Se voltarmos ao exemplo acima (caso 1), onde o exportador de frutas tem um recebível de US$ 350.000 e implementarmos uma estratégia de hedge cambial usando contrato a termo (NDF), teremos o seguinte resultado.



Caso 2) Com estratégia de hedge cambial


Dia 03/01/23 – Celebração do contrato de compra e venda



● Valor da fatura (invoice) com vencimento em 23/02/23 = US$ 350.000

● Taxa de câmbio USDBRL no dia 03/01/23 = R$ 5,50

● Taxa de câmbio futura (NDF) para 23/02/23 = R$ 5,55

● Montante em Reais com hedge = 350.000 x 5,55 = R$ 1.942.500


Dia 23/02/23 – Recebimento da fatura, fechamento do câmbio e expiração do hedge cambial



● exportador de frutas brasileiro converte os recebíveis de dólar para real usando a taxa spot do momento do fechamento do câmbio no dia 23/02/23 = R$ 5,13

● Montante em Reais = 350.000 x 5,13 = R$ 1.795,500

● A estratégia de hedge cambial (NDF) expira contra a taxa spot/PTAX no dia 23/02/23 = R$ 5,13

○ Resultado da estratégia de hedge = 5,55-5,13 = R$ 0,42

○ 350.000 x 0,42 = + R$ 147.000


Resultado total é:


● Recebível em Real devido a exportação = R$ 1.795,500 (a)

● Resultado da estratégia de hedge = + R$ 147.000 (b)

● Total (a+b) = R$ 1.942.500


Se compararmos os dois casos (com e sem estratégia de hedge cambial), podemos ver que o exportador não só protege a taxa spot de R$ 5,50 no momento em que emitiu a fatura, mas também maximiza seu lucro devido à curva futura do dólar que permite precificar sua fatura por meio de um taxa de câmbio futura de R$ 5,55.

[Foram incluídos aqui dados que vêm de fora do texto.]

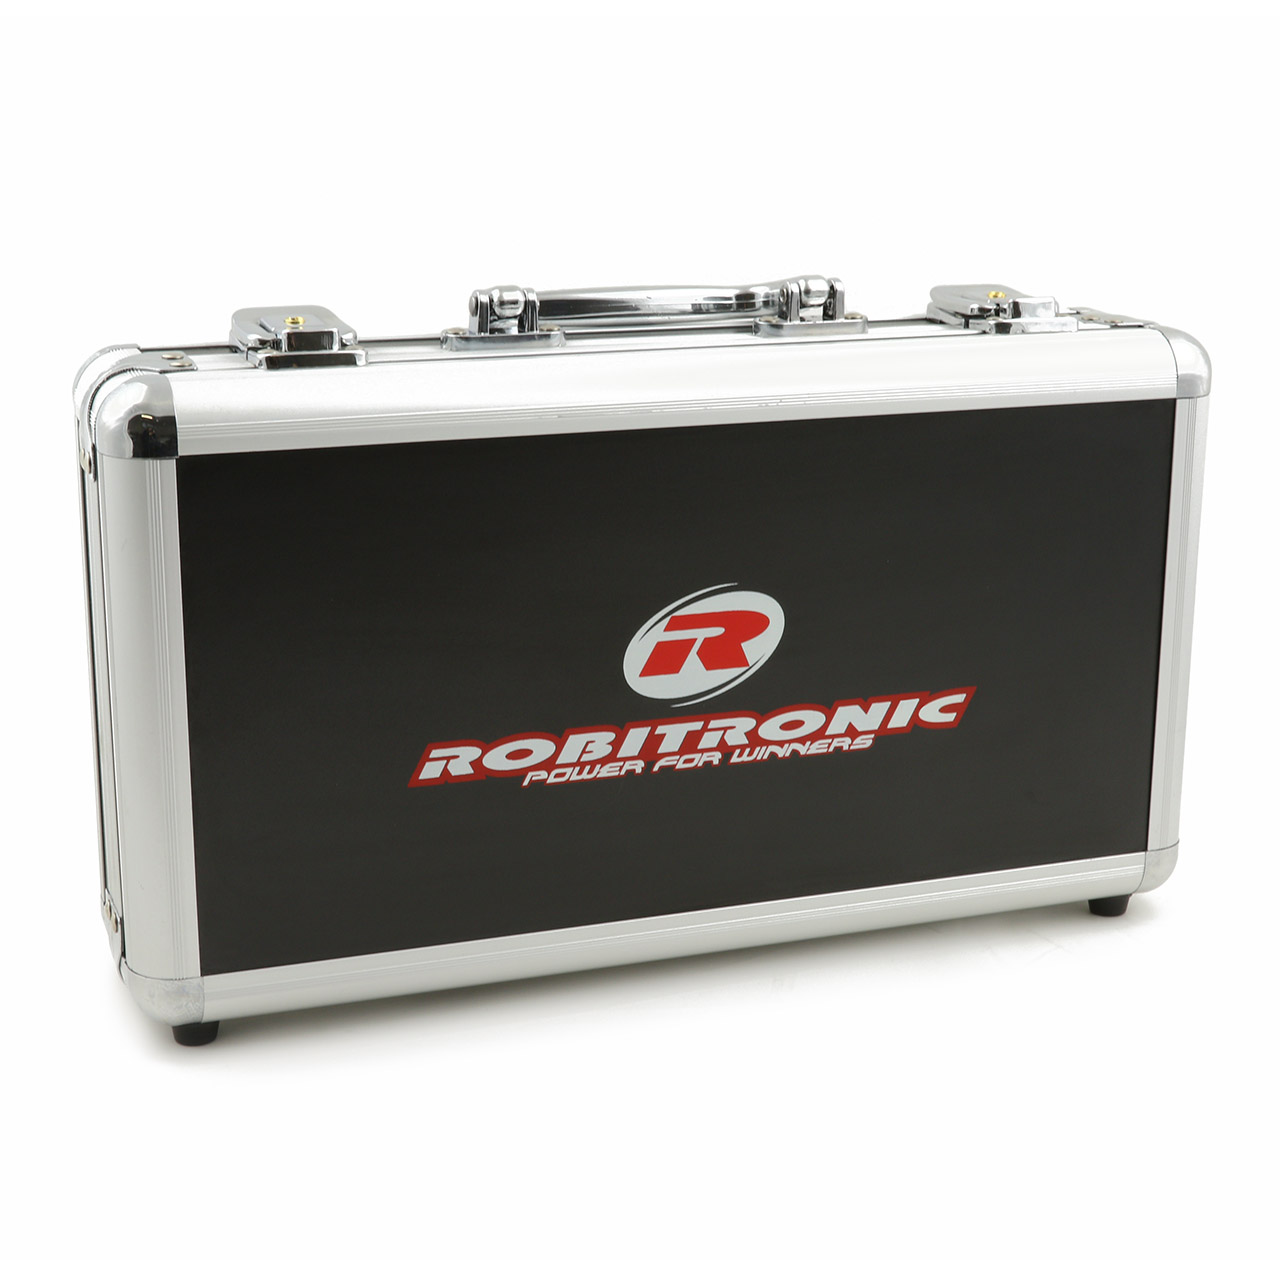 Robitronic Batterie Transport Box for 8 Batteries, R14025

Assim, o exportador recebe R$ 147.000 a mais do que sem uma estratégia de hedge cambial implementada.



Hedging – Vantagens


O hedge oferece vantagens substanciais para empresas que operam no mercado externo e custa comparativamente pouco. O hedge com os derivativos mencionados acima permite que uma organização fixe uma taxa de câmbio que estabiliza os custos operacionais ou a receita de vendas de uma empresa, ao mesmo tempo que protege sua paridade orçamental (ou seu breakeven point). Definir e proteger uma paridade orçamental pode permitir que uma empresa entre em novos mercados com confiança, expanda suas operações globais e amplie suas atividades com mais conforto e previsibilidade.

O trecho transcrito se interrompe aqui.